Only 2010 was profitable.

Say what?
Comment
12 of 29
June 24, 2011
The entire article sounds great, but it could be believable if we thought the author could multiply, or maybe read his own article before posting it. I refer only to the few paragraphs copied below for easy reference.

2.7 Bbl x 1700 kWh/bl = 4.59x 10**12 kWh =4.59x10**6 GWh
How he got 49,500 GWh I don't know, off by a factor of 11/1000, or 0.011?????

1 square km of solar panels will 'see' 1000 million peak watts in a site like Saudi Arabia.
At 30% efficiency for 2500 hours/year (28% capacity factor) this produces 750 watt hours/sqm/peak watt/year, or 750 GWh/square kilometer/year. Then 30 sq km will produce 22,500 GWh. It may be fair to reduce this by a factor of 2 for cosine effects if the panels are laid flat in contact.
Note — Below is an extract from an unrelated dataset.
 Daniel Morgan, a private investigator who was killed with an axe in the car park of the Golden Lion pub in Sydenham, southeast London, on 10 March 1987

However, it is still a very long ways from the 1.0 GWh the author Jabusch quotes.

He then proceeds to compare his ridiculous result with the land area of Saudi Arabia, which he quotes as 2.218 sq km, or about 0.8 square mile, 510 acres!!!!!!!!
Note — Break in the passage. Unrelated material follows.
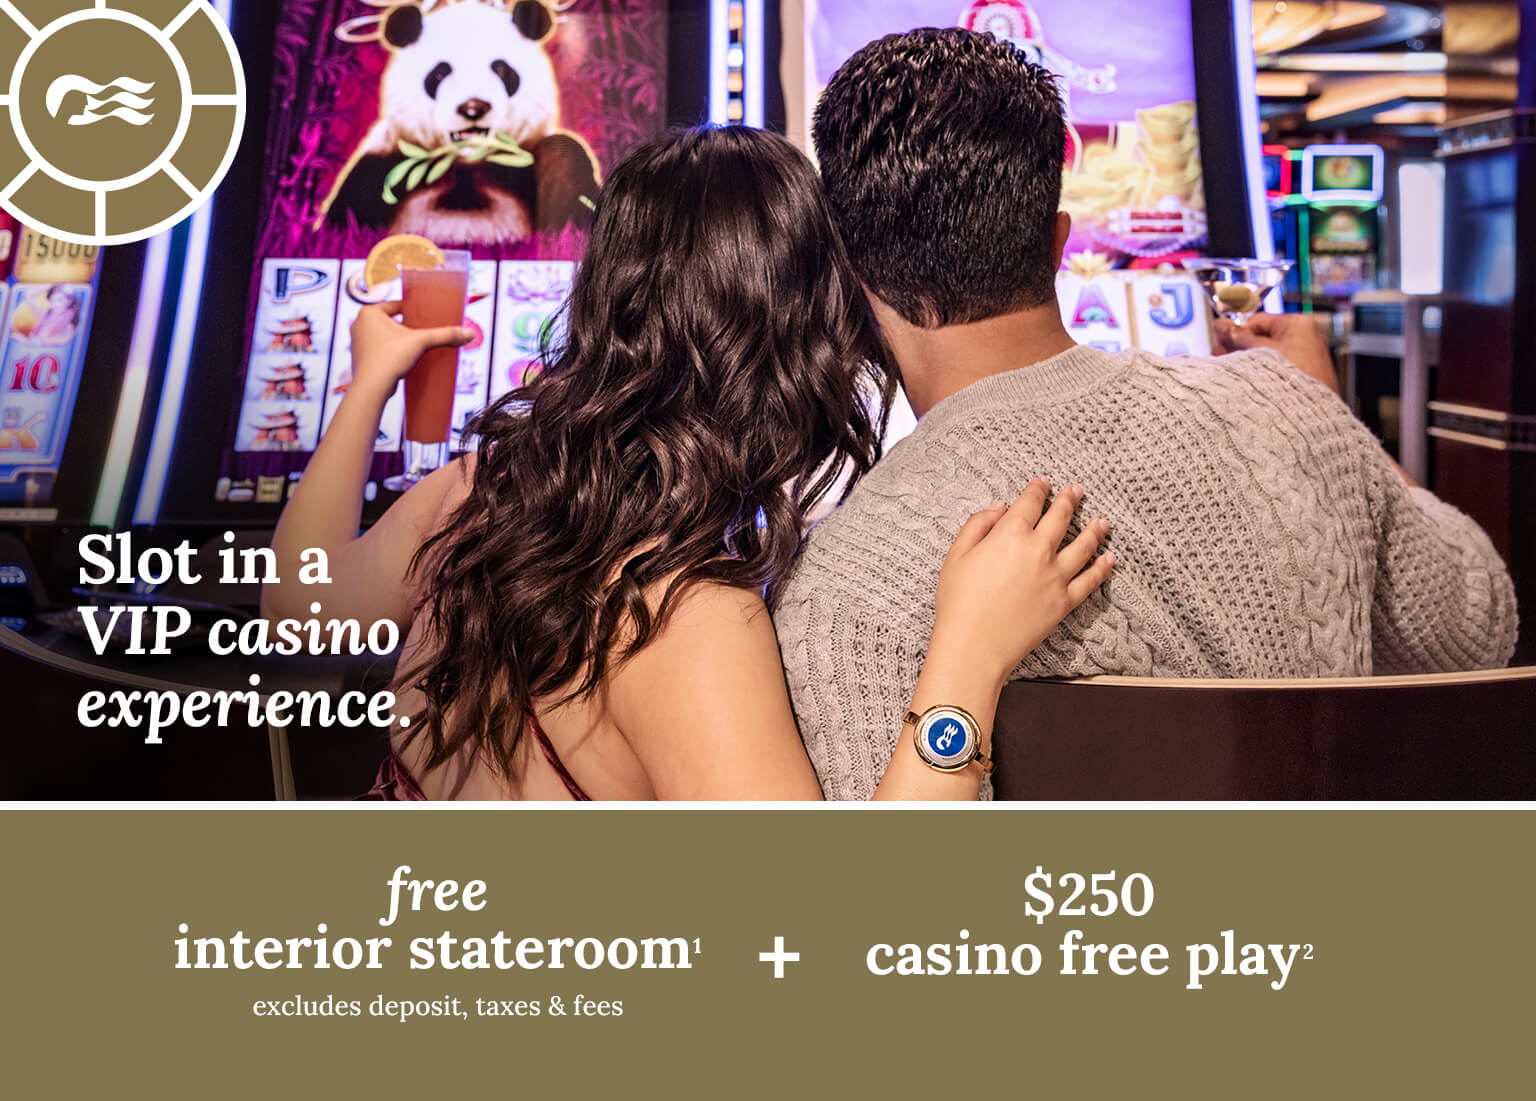 Slot in a VIP casino experience. Free interior stateroom + $250 casino free play + princess plus with drinks, Wi-Fi, and crew appreciation included

And what other mistakes has he made?????????I didn't bother to look further!

copied from article.

"As I discussed in my previous post, "Saudi Arabia exports about 2.7 billion barrels of oil per year, each containing the equivalent of 1,700 Kilowatt hours (kWh) of electricity for a total of 4.59 × 10**12 kWh [or 49,500 GWh] per year, or the equal of about one quarter or the world's annual electricity demand."

"Using a standard PV average of 30 square kilometers per gigawatt hour (GWh) year, this means the Saudis would need 1.377 million km2 of solar panels to achieve their goal solely with PV. This is well over half the country's total size of 2.218 km2!"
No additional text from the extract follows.